The Senate resolved into a Committee of the Whole on the subject matter of Bill C-30, An Act to amend the Income Tax Act (temporary enhancement to the Goods and Services Tax/Harmonized Sales Tax credit)
Senator Cordy: Thank you very much, minister, for being here this evening, and thank you also to your officials for the work that you all have been doing to help those most in need. You have also been very generous this evening about answering questions that are not related to the bill. Thank you very much for that.
When you are this close to the end of the list, most of the questions — if you could see my note pad here, there are scratches and editing along the way.
Minister, as we heard during the study of Bill C-12, which was another bill that boosted Old Age Security benefits this past winter, we learned that Canada Revenue Agency, or CRA, cannot do any preparation work until a bill has actually passed. Has CRA provided a timeline of how long it will take — if the bill receives Royal Assent — until the department can make the changes? Basically, my question is about how soon Canadians who qualify can receive payments?
Ms. Freeland: It is an excellent question. It is one we have been much seized of. Thank you for thanking the officials who have been working really hard. I would like to offer a little bit of a plug for the people who work at CRA and for Minister Lebouthillier. The CRA has been the workhorse of supporting Canadians during the pandemic. When we looked around to see what tools were at our disposal for providing some inflation relief, we turned to this mechanism that existed and to the CRA, which was really reliable and effective at providing the support.
You are right. It is a challenge that the CRA can only get to work once the law is passed. Canada is a country founded on the rule of law, and they need to know that we, as legislators, have passed legislation to enable it. I’m glad to have the support here.
Let me just say this: We — actually, Mr. Jovanovic and our tax people — have a very good, close working relationship with our counterparts at CRA. Obviously, we worked with them closely in determining that this was going to be the fastest way to do it, notwithstanding the real challenge of it not covering every single person.
They are going to work hard. They have told us they are going to do this as quickly as they can. This is the mechanism that — of all of the different possibilities we discussed — is absolutely the quickest. They are going to work hard to have it happen really soon.
Senator Cordy: Thank you, minister. Since others have gotten off the topic of Bill C-30, let me say that I am very supportive of the dental plan for children under 12. I guess it is because I used to be an elementary school teacher in my other life, and dental health is good health.
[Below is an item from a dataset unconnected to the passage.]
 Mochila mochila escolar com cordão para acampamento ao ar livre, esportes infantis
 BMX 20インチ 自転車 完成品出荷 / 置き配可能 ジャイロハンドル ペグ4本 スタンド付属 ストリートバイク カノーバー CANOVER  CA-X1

Minister, at committee hearings in the House you noted that Bill C-30 is not going to be a cure-all, and we all understand that. It’s a help but it isn’t a cure-all.
Can you tell us what you think this one-time payment will do for those who need financial help?
Ms. Freeland: Senator, you’ve mentioned dental care, so I’m going to take an opportunity to mention it, too. I think it is a really important measure, and we’re going to find that it has an impact beyond what we may have imagined. A doctor I spoke to about it today, talking about this measure, made a very important point, which is the mouth is the centre of a lot of our health and our health problems for the rest of our body. It sounds as if, as a teacher, you encountered that.
Let me in advance urge people to look at the dental health measure from that perspective. We’ve been talking about inflation and the immediate relief Canadians need, but we have also been talking about the fact that there are some long-term measures people need, and dental care is one of those.
Thank you for being so sensible and recognizing what I think we all recognize, which is that this is a good measure. It’s an important measure. I’m glad we’re doing it and doing it quickly.